Any time a strategic decision changes how the company is owned, governed or contractually bound — incorporation, fundraising, M&A, restructuring, shareholder agreements, or major commercial contracts. Earlier engagement always costs less than later remediation.

A notary (notaire) is a public officer who authenticates specific deeds (mainly real-estate transfers and certain family-law acts). A corporate lawyer (avocat) advises on strategy, negotiates and drafts company documents, and represents you in disputes. The two roles complement rather than overlap.

Yes — most of our clients are foreign suppliers, investors or holding entities. We bridge the gap between French law and your home jurisdiction's expectations and deliver everything bilingually.

The SAS (Société par Actions Simplifiée) is the default choice for most international structures: flexible governance, single shareholder allowed, no minimum capital, and works cleanly with foreign holding entities.
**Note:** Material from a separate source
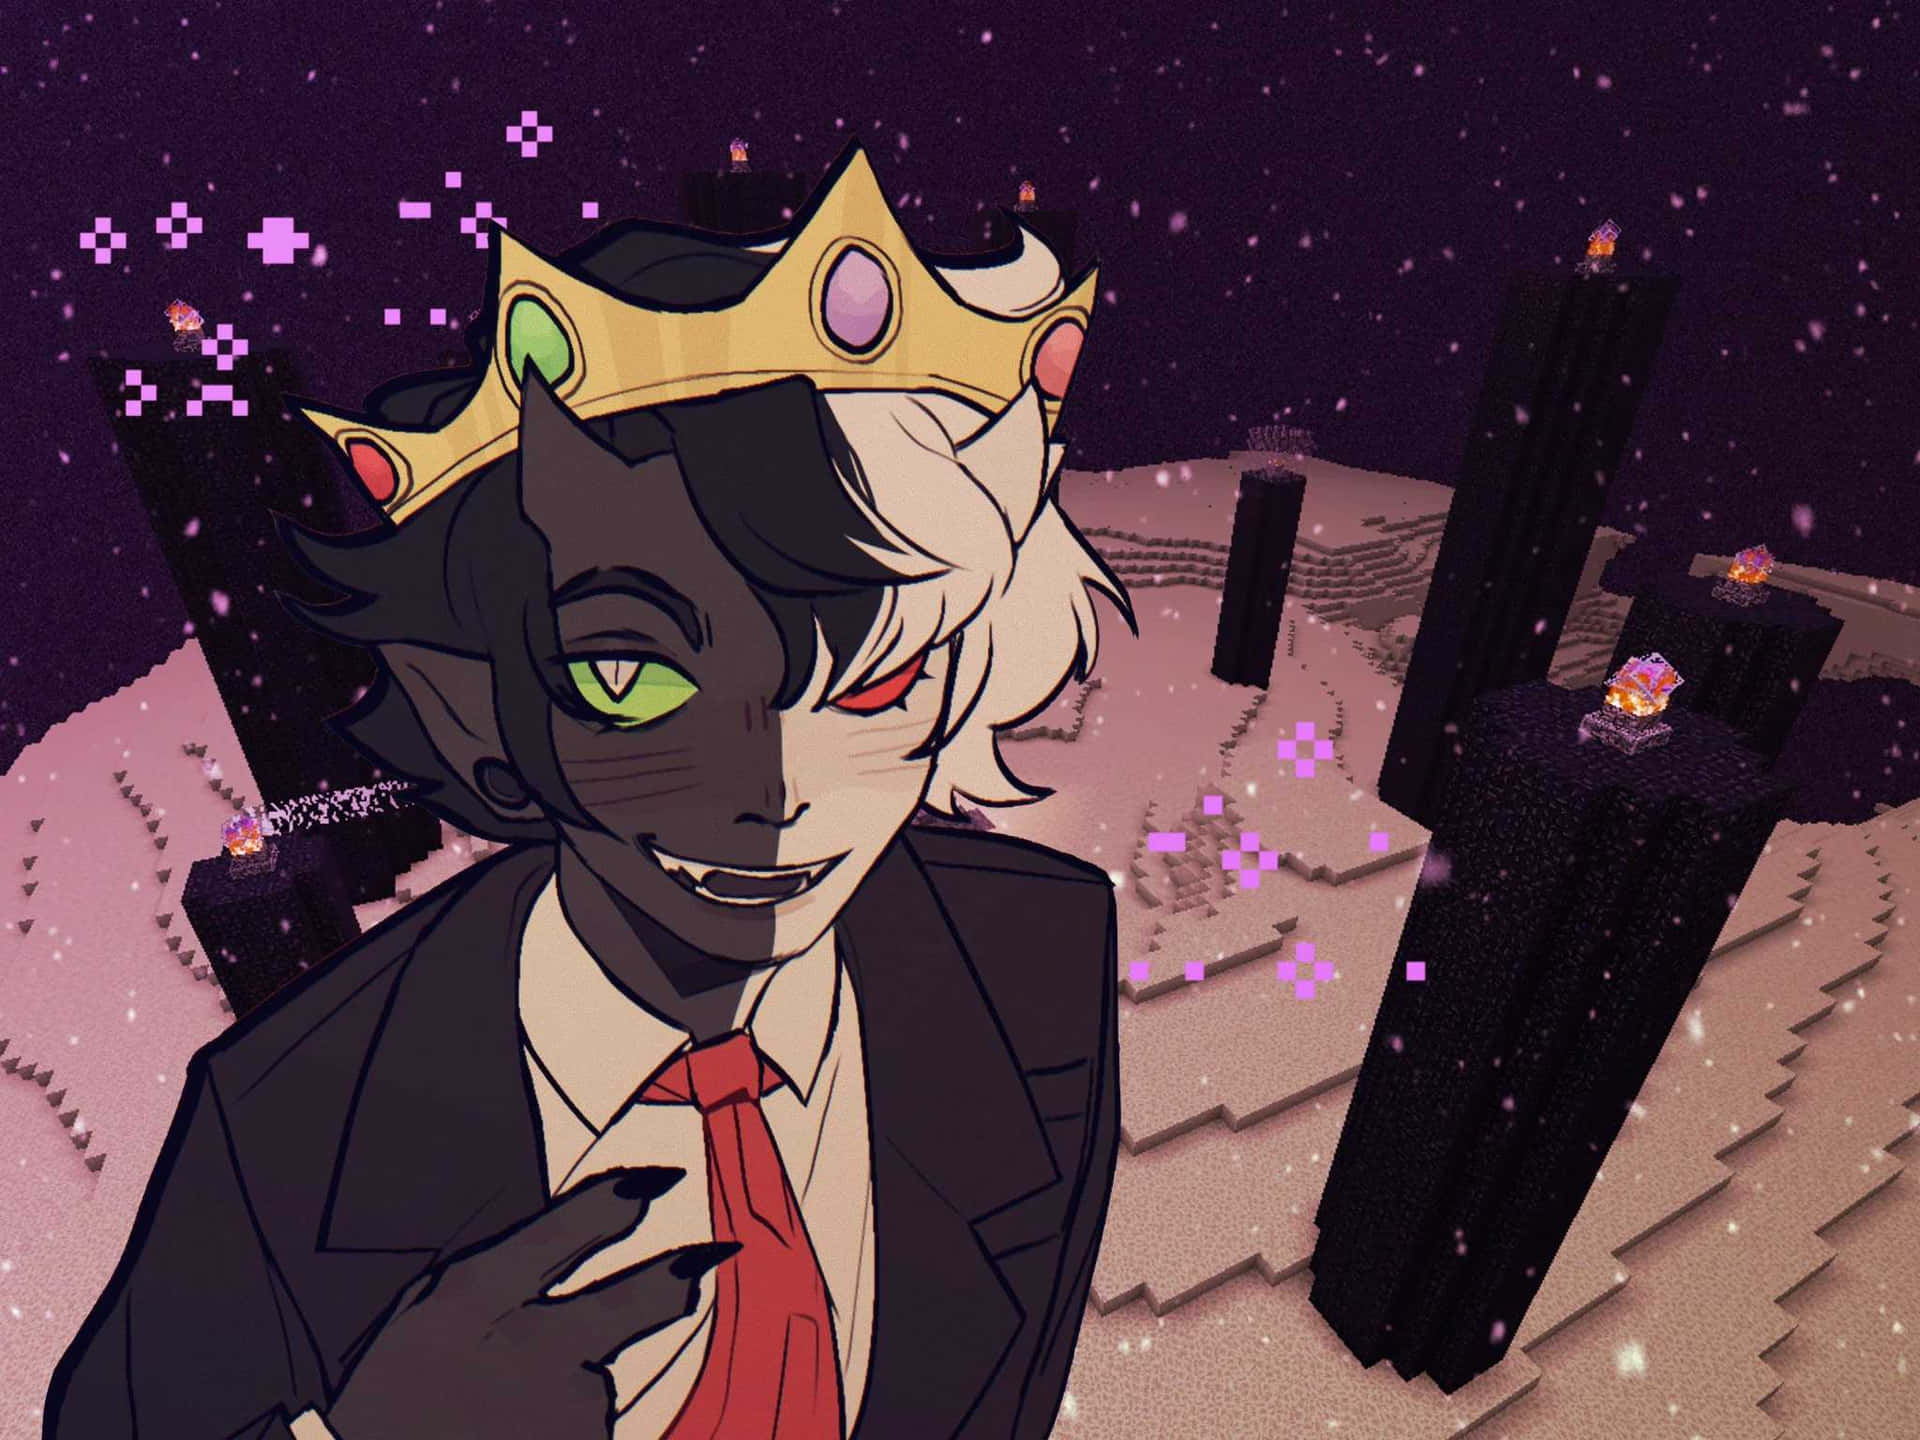 A Man In A Suit And Tie With A Crown
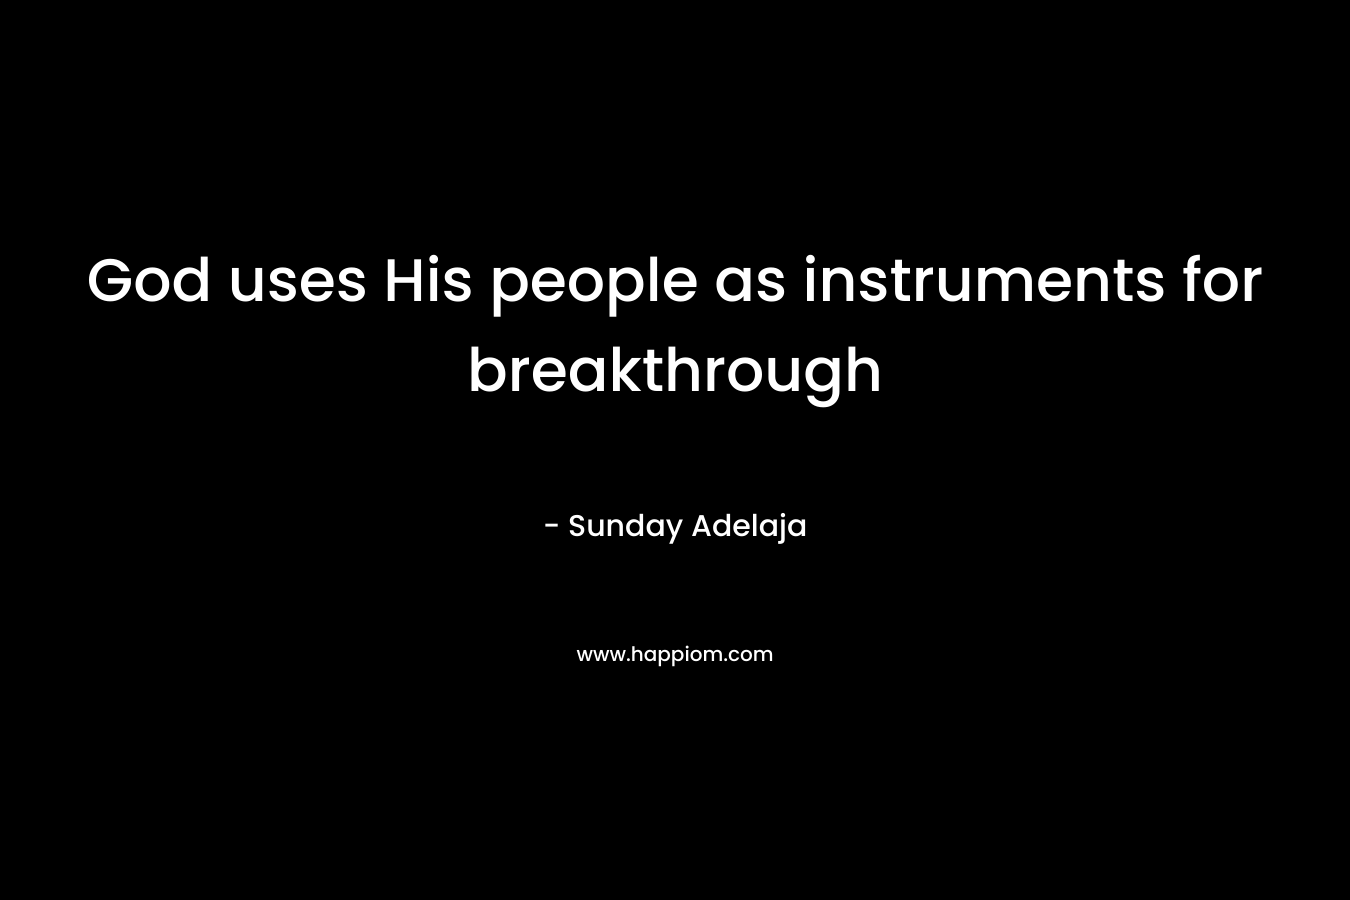 God uses His people as instruments for breakthrough

We assess SARL, SA, SCI on the merits when the situation calls for it.

Yes — communications with a French avocat are protected by the secret professionnel (Article 66-5 of the Law of 31 December 1971). This protection is broader than the common-law attorney-client privilege and applies to written and oral exchanges.

We work on fixed fees for clearly scoped engagements (incorporation, contract drafting, audits) and on monthly retainers for ongoing advisory. Hourly billing is the exception, not the default. You always know the cost before work starts.

Typical timeline is 2–3 weeks from KYC kick-off to RCS registration, assuming standard documentation. Holding-company structures, foreign-shareholder identification or in-kind contributions can extend this — we flag the gating items at the first meeting.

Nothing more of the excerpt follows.